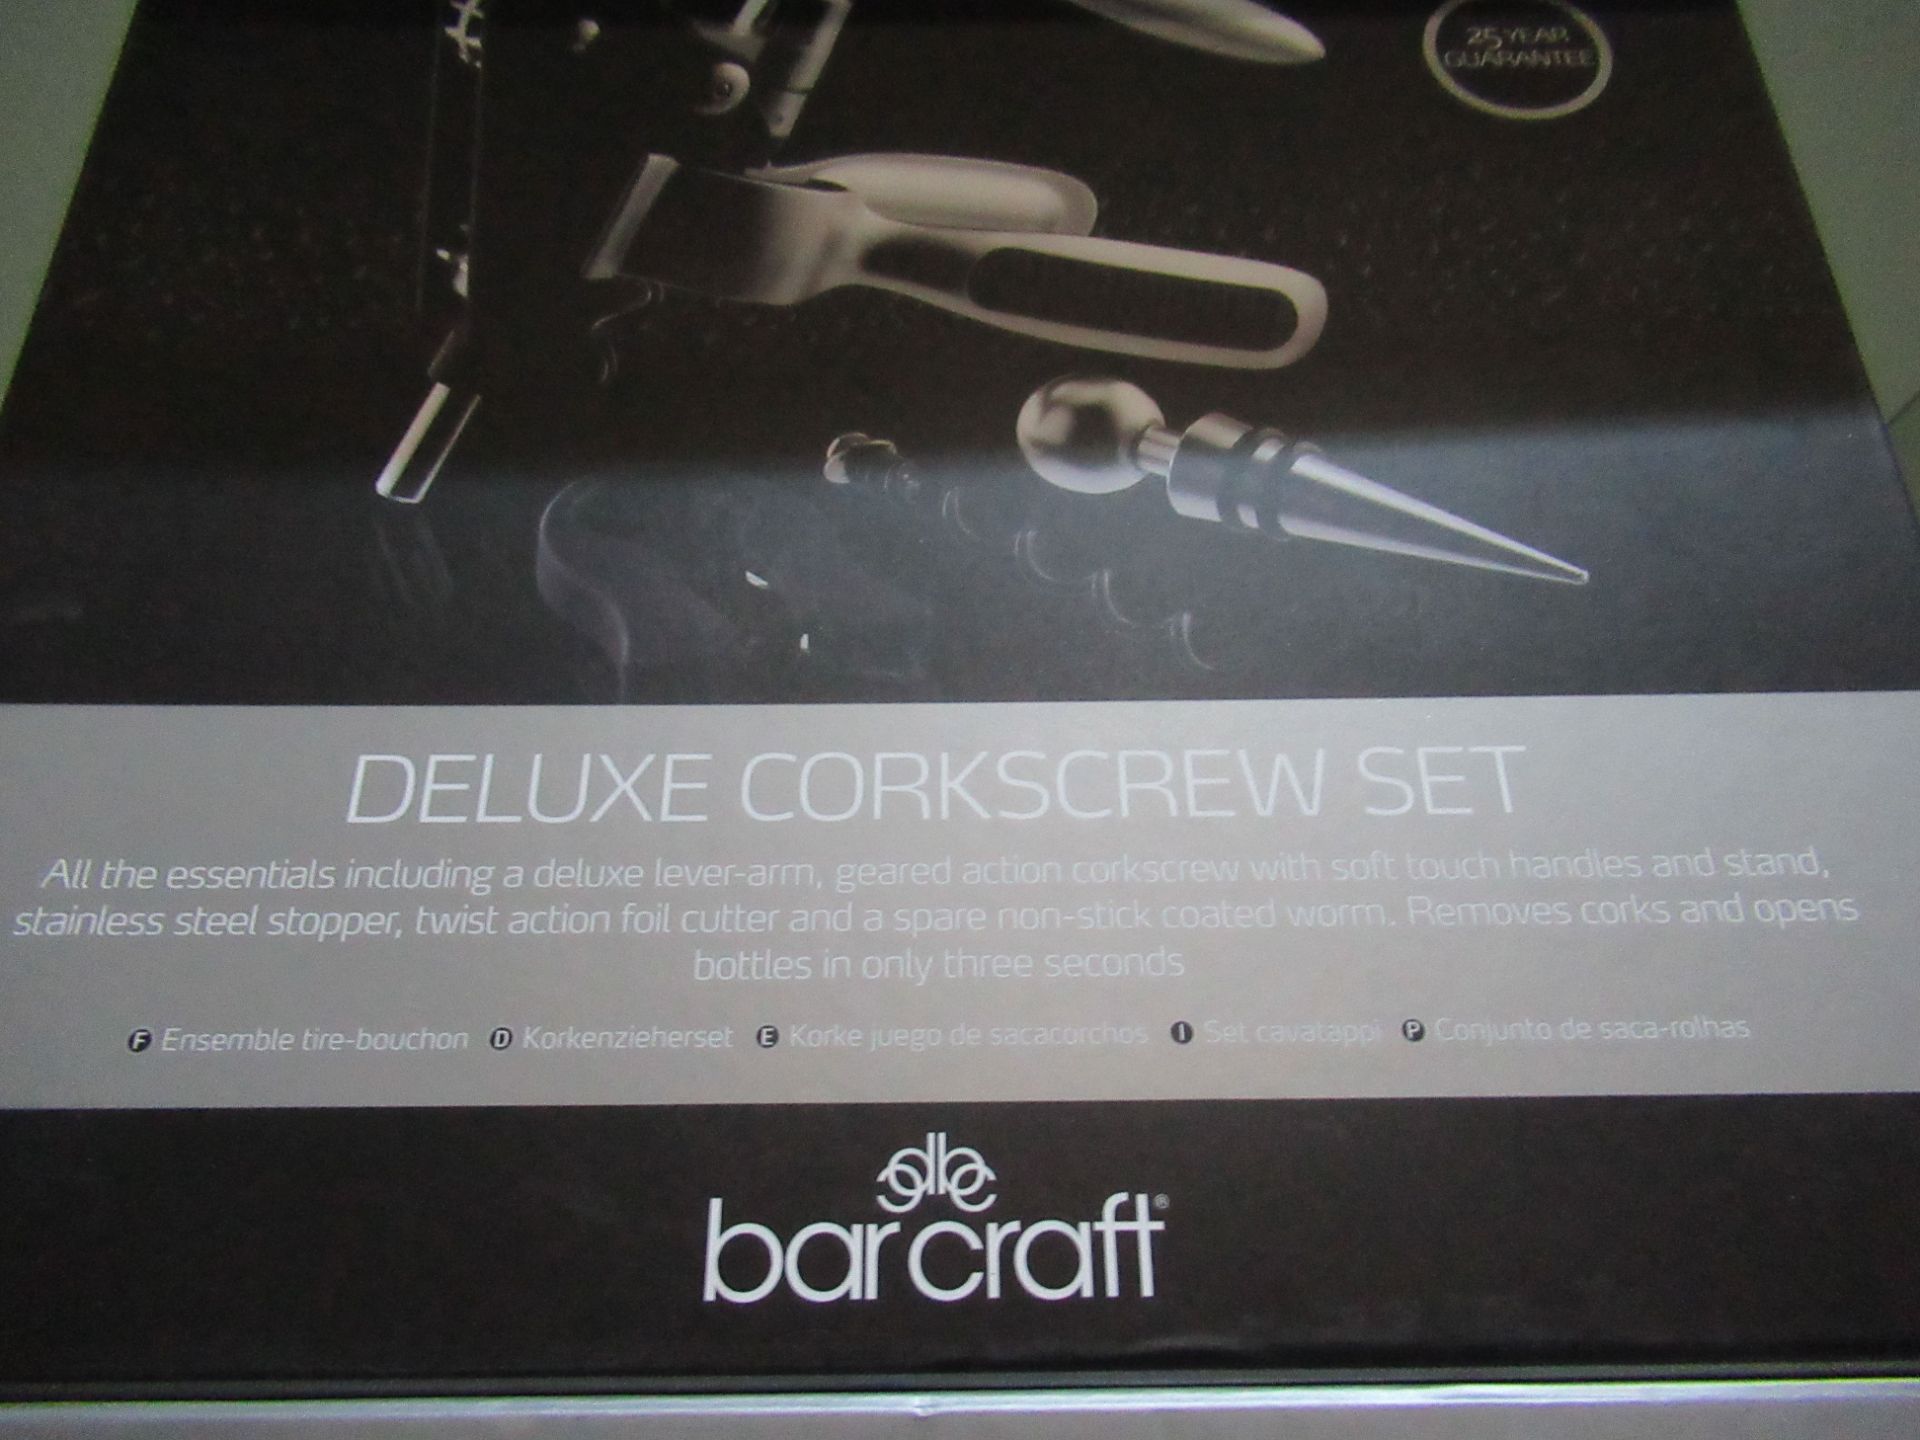 3x Bar Craft Deluxe Corkscrew Sets - Image 2 of 4
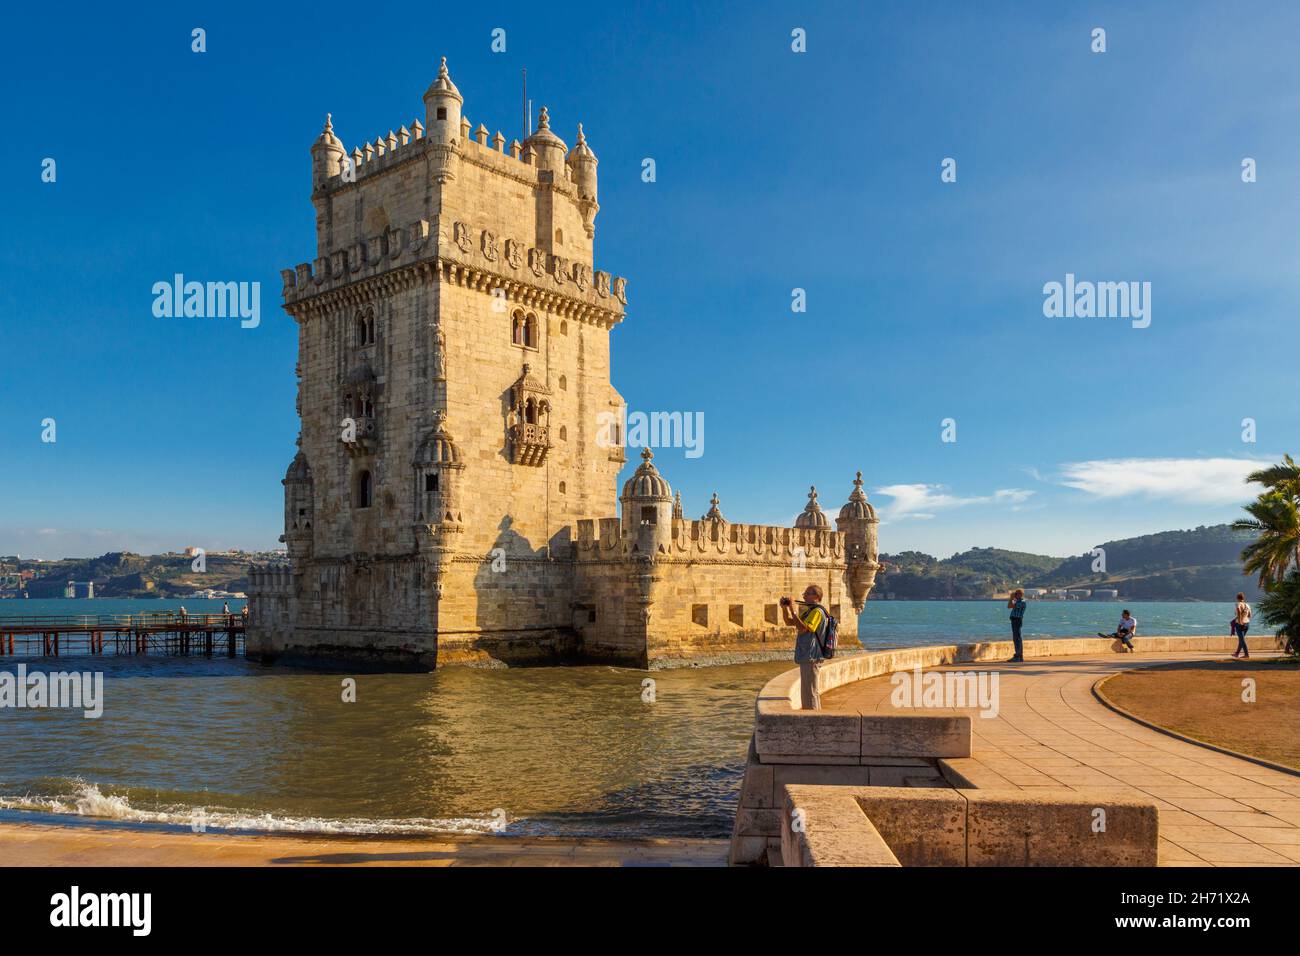 Lisbon, Portugal.  The 16th century Torre de Belem or Belem tower.  The tower is an important example of Manueline architecture and a UNESCO World Her Stock Photo
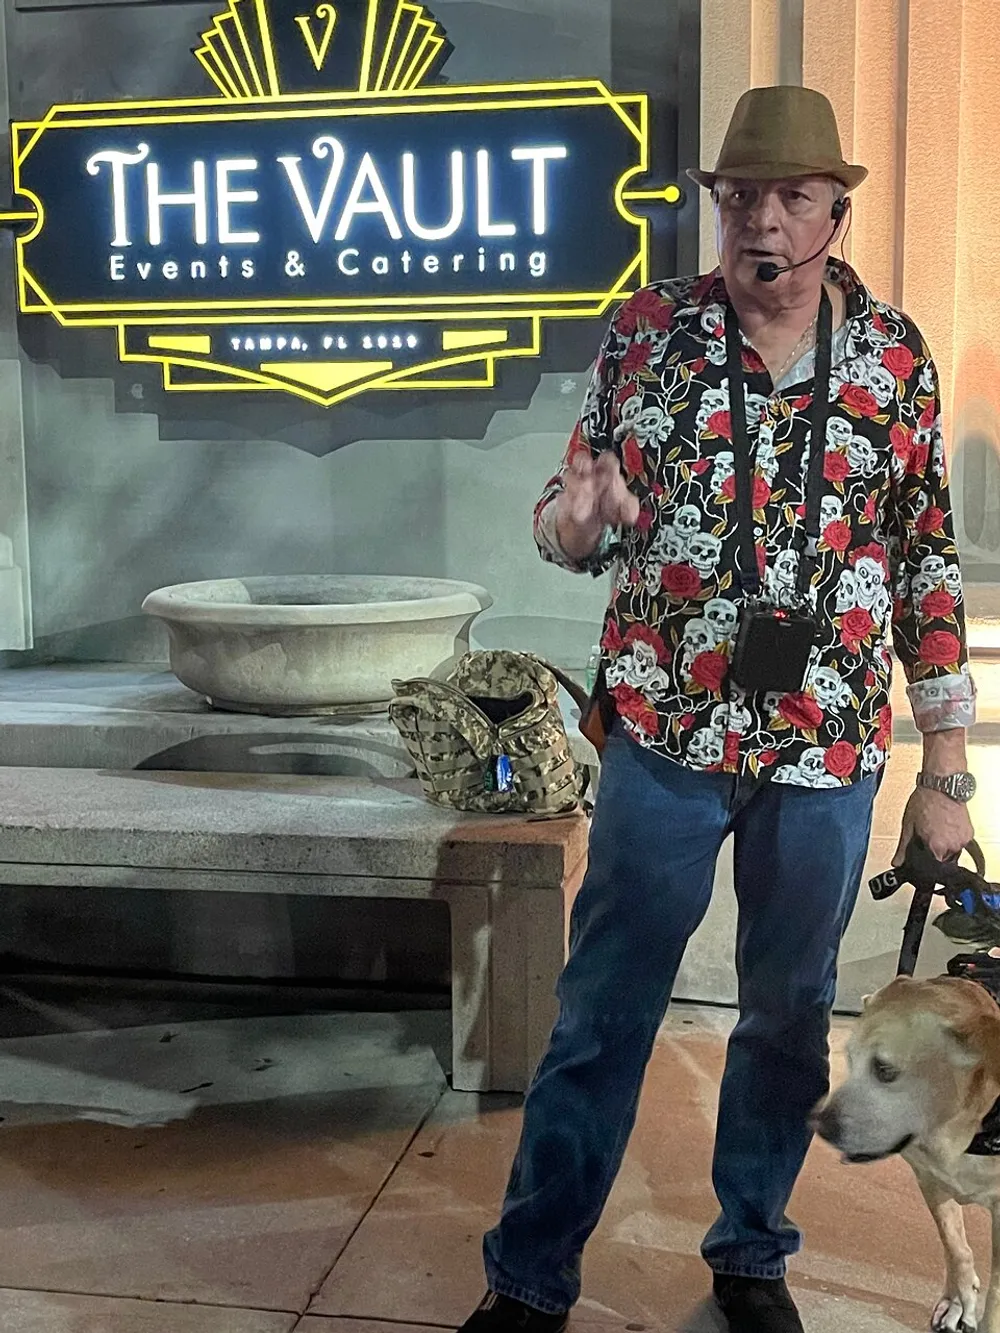 A person wearing a floral shirt and a hat is standing in front of a sign that reads THE VAULT Events  Catering with a dog walking by and a snake on a ledge to the left

— Instructions for the task —
Output the line containing "Her Stock Photo" along with every line after it to the end of the material, exactly as written, but without pictures.

— Output for this task —
 Lisbon, Portugal.  The 16th century Torre de Belem or Belem tower.  The tower is an important example of Manueline architecture and a UNESCO World Her Stock Photo
 A person wearing a floral shirt and a hat is standing in front of a sign that reads THE VAULT Events  Catering with a dog walking by and a snake on a ledge to the left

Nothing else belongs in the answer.